Verify the preceding property.

Multiplying both sides of Equation 2 by the matrix inverse gives

\[ \begin{pmatrix} 1 & 0 \\ 0 & 1 \end{pmatrix} \begin{pmatrix} \hat{\beta}_1 \\ \hat{\beta}_2 \end{pmatrix} = \begin{pmatrix} \hat{\beta}_1 \\ \hat{\beta}_2 \end{pmatrix} = \frac{1}{\overline{xx}- \bar{x}^2} \begin{pmatrix} \overline{xx}& - \bar{x}\\ -\bar{x}& 1 \end{pmatrix} \begin{pmatrix} \bar{y}\\ \overline{xy} \end{pmatrix}. \]
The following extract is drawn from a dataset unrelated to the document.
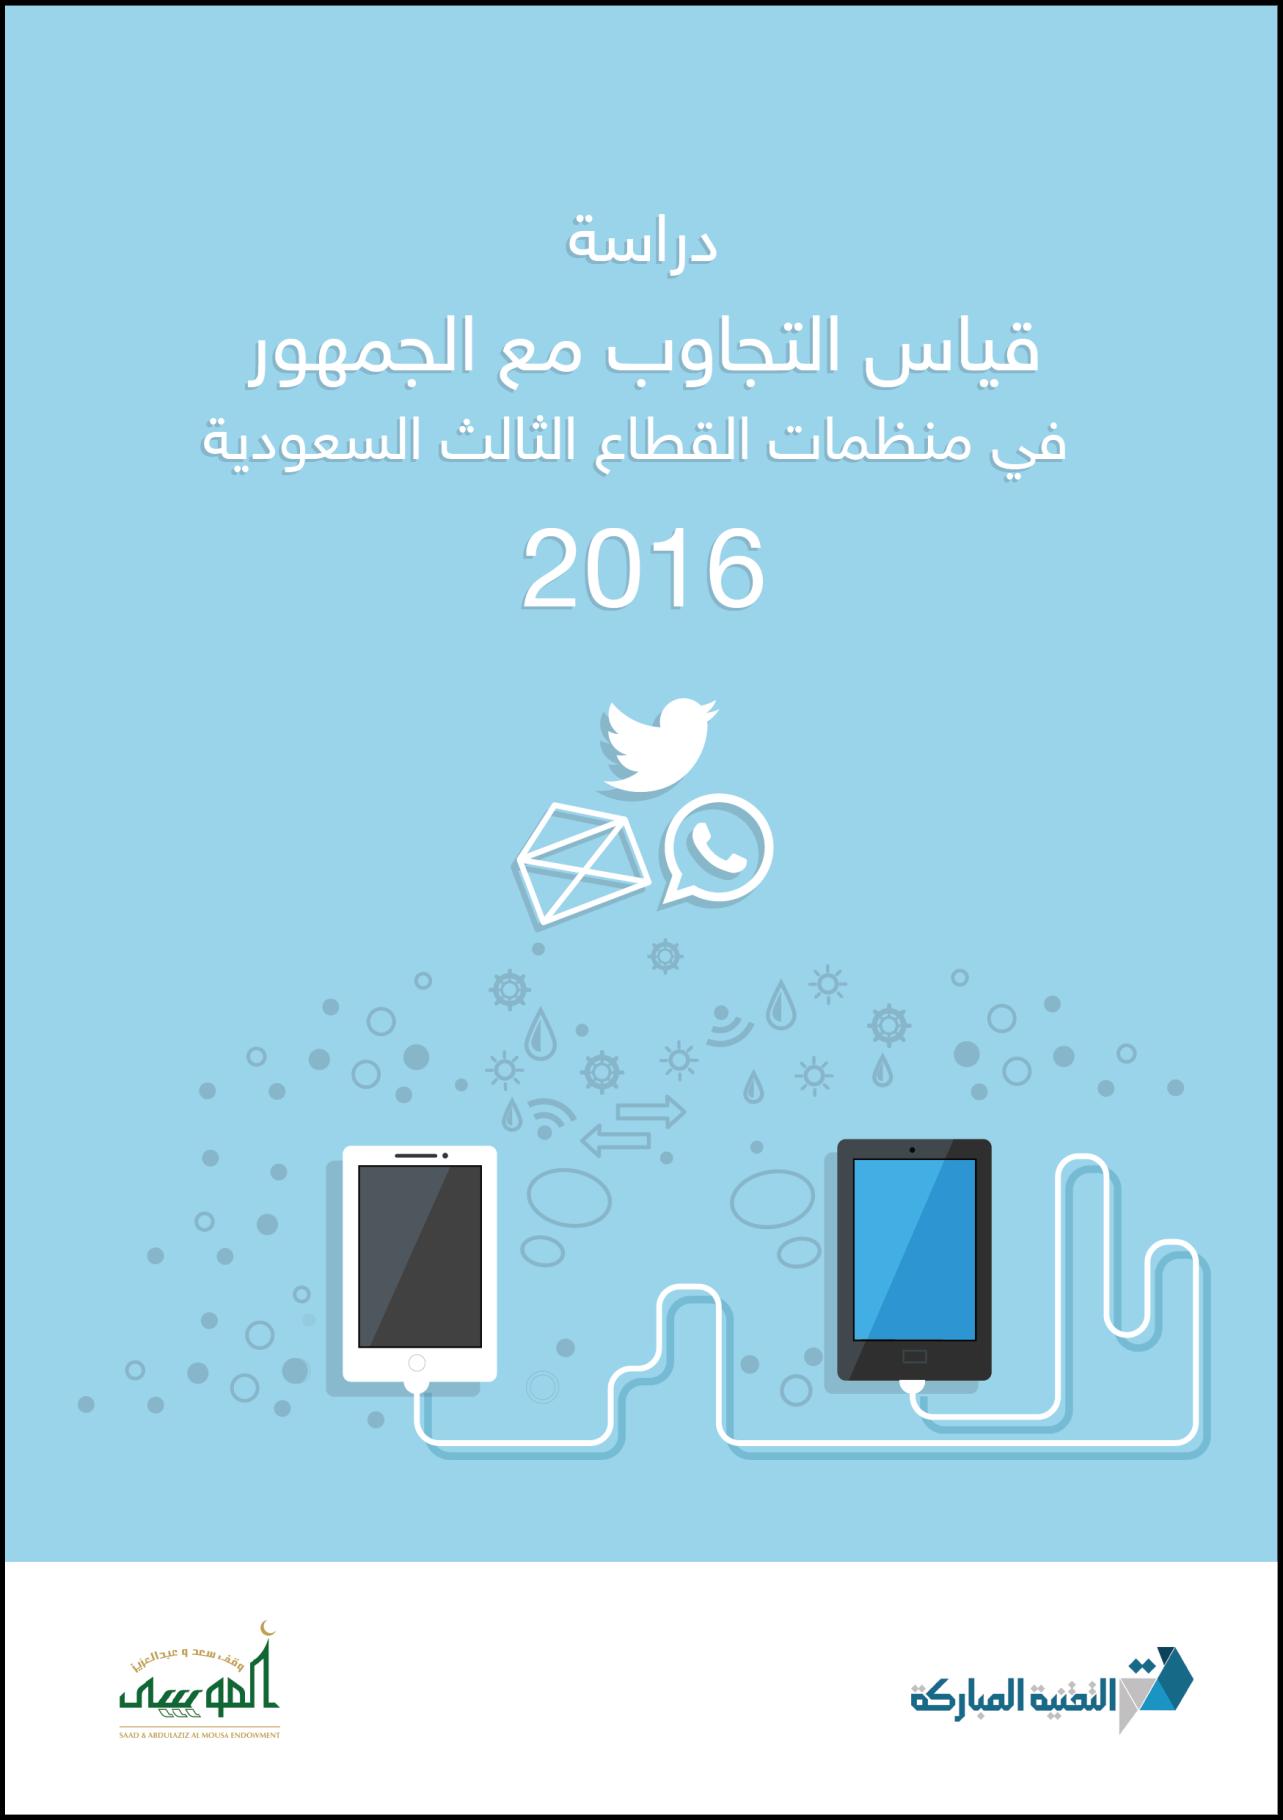 دراسة قياس التجاوب مع الجمهور في منظمات القطاع الثالث السعودية 2016

From this we can read off the familiar answer

\[ \begin{align*} \hat{\beta}_2 ={}& \frac{\overline{xy}- \bar{x}\,\bar{y}}{\overline{xx}- \bar{x}^2}\\ \hat{\beta}_1 ={}& \frac{\overline{xx}\,\bar{y}- \overline{xy}\,\bar{x}}{\overline{xx}- \bar{x}^2}\\ ={}& \frac{\overline{xx}\,\bar{y}- \bar{x}^2 \bar{y}+ \bar{x}^2 \bar{y}- \overline{xy}\,\bar{x}} {\overline{xx}- \bar{x}^2}\\ ={}& \bar{y}- \frac{\bar{x}^2 \bar{y}- \overline{xy}\,\bar{x}} {\overline{xx}- \bar{x}^2} \\ ={}& \bar{y}- \hat{\beta}_1 \bar{x}. \end{align*} \]

References

Ding, Peng. 2024. “Linear Model and Extensions.” arXiv Preprint arXiv:2401.00649.
Freedman, David. 2009. Statistical Models: Theory and Practice. cambridge university press.